ICW bersama 14 organisasi pemantau menemukan berbagai kecurangan (fraud) dari tingkat pasien, Rumah Sakit (RS), Puskesmas hingga penyedia obat. Penelitian itu dilakukan di Aceh, Sumatera Utara, Riau, Sumatera Barat, DKI Jakarta, Jawa Barat, Jawa Tengah, Jawa Timur, Kalimantan Barat, Kalimantan Timur, Sulawesi Selatan, Sulawesi Utara, NTT dan NTB.
"Tujuan penelitian ini kami berharap bisa mendorong perbaikan layanan jaminan kesehatan dan layanan fasilitas kesehatan bagi peserta JKN, khususnya pagi peserta KIS maupun PIB. Kajian ini memberikan gambaran titik rawan kecurangan," kata koordinator Divisi Kampanye Publik ICW Siti Juliantari saat konferensi pers di Hotel Grand Sahid, Jakarta, Kamis (14/9).
Tari mengungkapkan pihaknya menemukan 49 kecurangan program JKN yang terdiri dari pelaku peserta BPJS sebanyak 10 temuan, BPJS Kesehatan 1 temuan, Fasilitas Kesehatan 36 temuan, dan penyedia obat sebanyak 2 temuan.

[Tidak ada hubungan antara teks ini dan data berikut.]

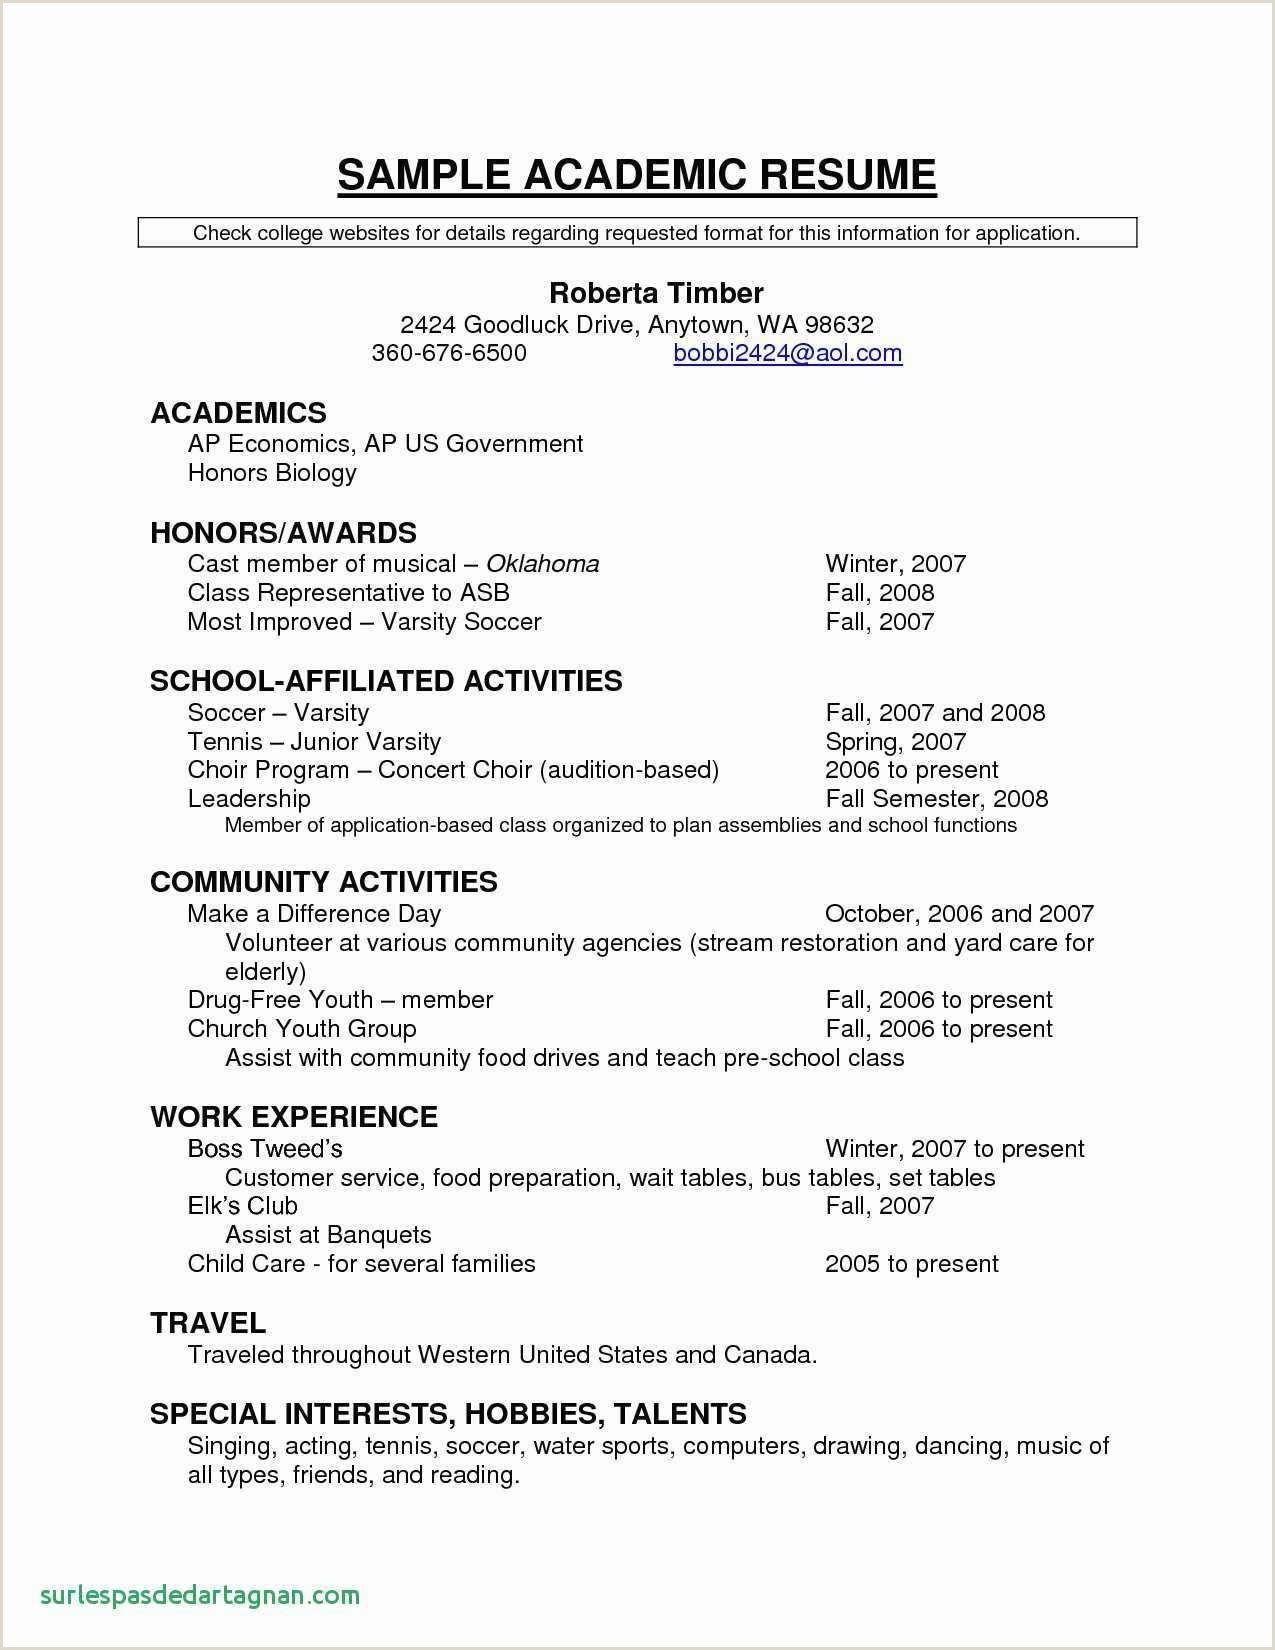 Standard Format Of Cv For Job Application

Tari mencontohkan kecurangan yang dilakukan RS Pemerintah atau Swasta salah satunya terkait dengan klaim tagihan BPJS Kesehatan. Tari mencontohkan untuk mendapat kelebihan bayar pihak RS mendiagnosa pasien tidak sesuai dengan penyakitnya.
"Potensinya lumayan besar karena hitungan klaim itu cukup besar. Kalau satu RS sakitnya hanya tipes diklaimnya DBD itu terus-terusan dibayarkan BPJS itu sebenarnya nilainya jauh lebih besar," jelasnya.
"Berdasarkan temuan audit BPK 2016 di JKN menyampaikan proses verifikasi belum optimal dan terdapat kelebihan klaim pembayaran pelayanan kesehatan pada fasilitas kesehatan sebesar Rp 2,69 miliar," sambungnya.
Kecurangan-kecurangan itu juga ditemukan di daerah dengan modus yang beragam. Salah satu peneliti dari Pondok Keadilan Madura Fauzin menyampaikan di salah desa di Bangkalan ditemukan jumlah BPJS Kesehatan penerima bantuan iuran (PBI) lebih besar daripada jumlah penduduk di wilayah tersebut.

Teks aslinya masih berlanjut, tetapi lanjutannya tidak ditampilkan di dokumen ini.